The English world is almost comic in the light of its most cherished illusions. It does not base its outlook upon the unalterable laws of life, consequently it is constantly receiving the rudest shocks and the most unpleasant surprises. The fact that so many thousands of women in England and Wales were unfaithful to their husbands during the war came as a shock to the dear Puritanical and ignorant old ladies, chiefly unmarried, that rule public opinion in England.

Had they ever dreamt, or had they ever been told, that the best women, the most desirable women, must be unfaithful to their husbands when, through what cause soever, the latter are forcing them to be unfaithful to Life itself, they might have shown less righteous indignation and more understanding when the women of the country in their legions turned adulteresses in war-time.

As it was, the phenomenon was quite unexpected, and proved a most terrible blow to the national conscience. For it was realized only too shrewdly that if thousands of these women were ultimately found out, many more thousands must have escaped the discovery; and thus the character of the nation seemed to have suffered very severe deterioration.

Truth to tell, the parties to blame were not the women at all, but the hopelessly vain men who were the co-respondents in the actions, and who understood so little of female psychology that they interpreted these adulteresses’ fidelity to Life and its multiplication, as a preference, if you please, for themselves before their legal spouses. Not knowing of the positive woman’s inveterate fidelity to Life, they arrogantly imagined that their personal and irresistible attractions were the cause of these adulteresses’ infidelity to their husbands.

They—these men—were the people against whom the world ought to have inveighed; for the man who is capable of so misunderstanding the human female as to flatter himself that it is his personal attractions that are seducing her, when all the time it is the Will of the Species, neglected by her absent husband, that is impelling her to go in search of fertilization elsewhere, is not worth the rope with which he ought to be hanged.

The mistake, as a mistake, is all the more monstrous, seeing that it is the outcome of maniacal vanity. For no man who was not too much elated by a woman’s attention to retain calm reflection, could ever be such a fool as to imagine that his triumph over her husband was due to his own personal charm.

There is no need, however, to labour the question any longer, if once the true nature of woman be properly grasped; for then it is seen immediately that, in the best and most vital women, fidelity to Life must take precedence of fidelity to the mate, to a pledge, to an oath, to a vow, to a custom, or to anything else.[81]

Would the reader perhaps have it otherwise? Would he have a race of women reared (we are unfortunately not so very far from the attainment of this ideal to-day) to whom the claims of Life are secondary—women, that is to say, who are so constituted that they could hesitate between Life’s call and some trumpery human convention? Would he have women so constituted that their self-preservative instinct is more powerful than their reproductive? Because that is what it amounts to. A woman who, when confronted by Life’s call, can calmly discriminate between that and her own safety, her own future, her own smug ease, and can proceed to select the latter in preference to the former, is not a desirable woman in the best sense, for she cannot be trusted to do the right thing for the species in all circumstances. The spark of vitality in her does not glow with sufficient ardour to compel her to serve Life’s interests before her own. She is the kind of woman that is rapidly coming into power in all classes above the working class, but hers is a bad character, not a good character, for a woman to possess.

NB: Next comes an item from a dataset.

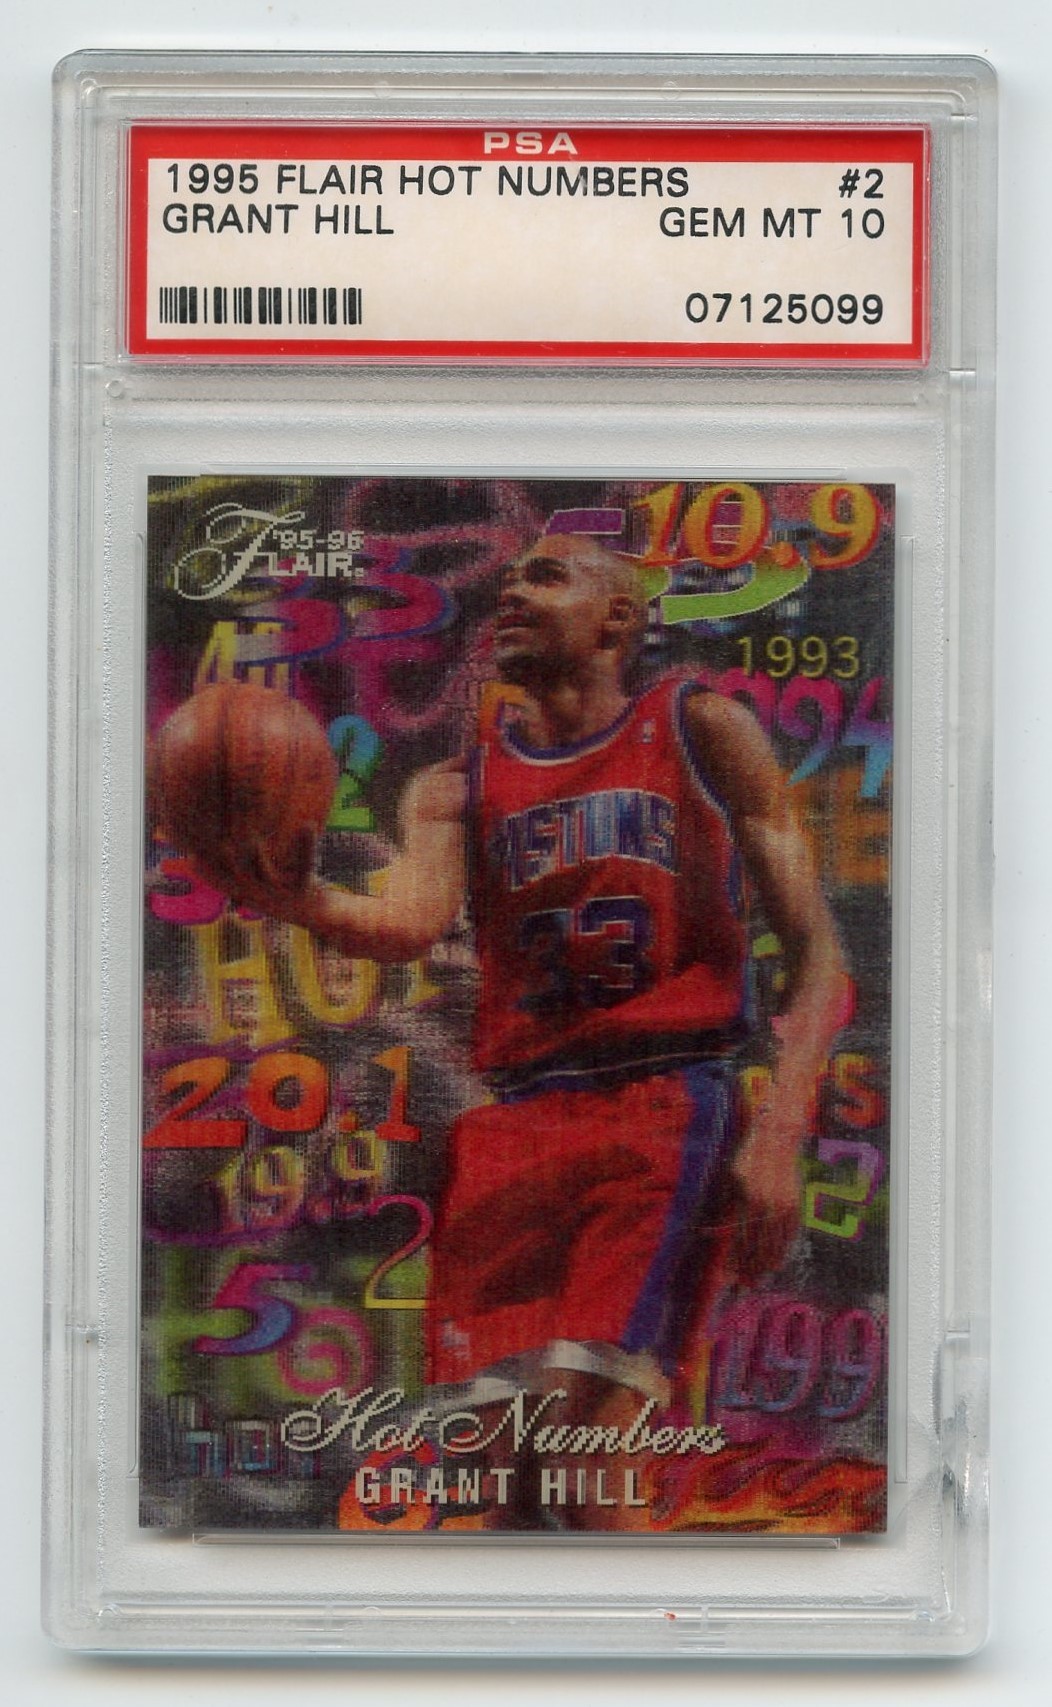 1995 Flair Hot Numbers Grant Hill PSA 10

No, we want to keep the best women as they are. We do not want to tame the life out of them. But since we cannot have it both ways, if we insist on women remaining desirable—that is to say, faithful primarily to Life itself, we must breed a race of men who understand them, and who in the absence of their fellows on wars or expeditions can see what is happening when young wives “make eyes at them.” Any man who in such circumstances imagines he is irresistible and falls in with the woman’s designs through sheer vanity, deserves a punishment very much more severe than being mulcted in damages; he has qualified himself for some disciplinary correction which ought at least to include a term of hard labour. For it is not his understanding of woman alone that is at fault—although this in a full-grown man would be unpardonable enough—but his estimate of himself, which leads him to the gross presumption of imagining himself capable of conquering another man’s wife single-handed without the assistance of Life itself, pushing her violently into his arms the whole time.[82] Why, he might just as well flatter himself that a flea has bitten him, not because it was too hungry to wait, but because there was something exceptionally delicate or precious in the composition of his vile blood!

Thus adultery, when the wife is the defaulter, is always a case of a man betraying another man, and never that of a woman betraying her man. Woman, if she is the right sort, remains throughout faithful to Life. Only if she betrays Life does she cease to be desirable.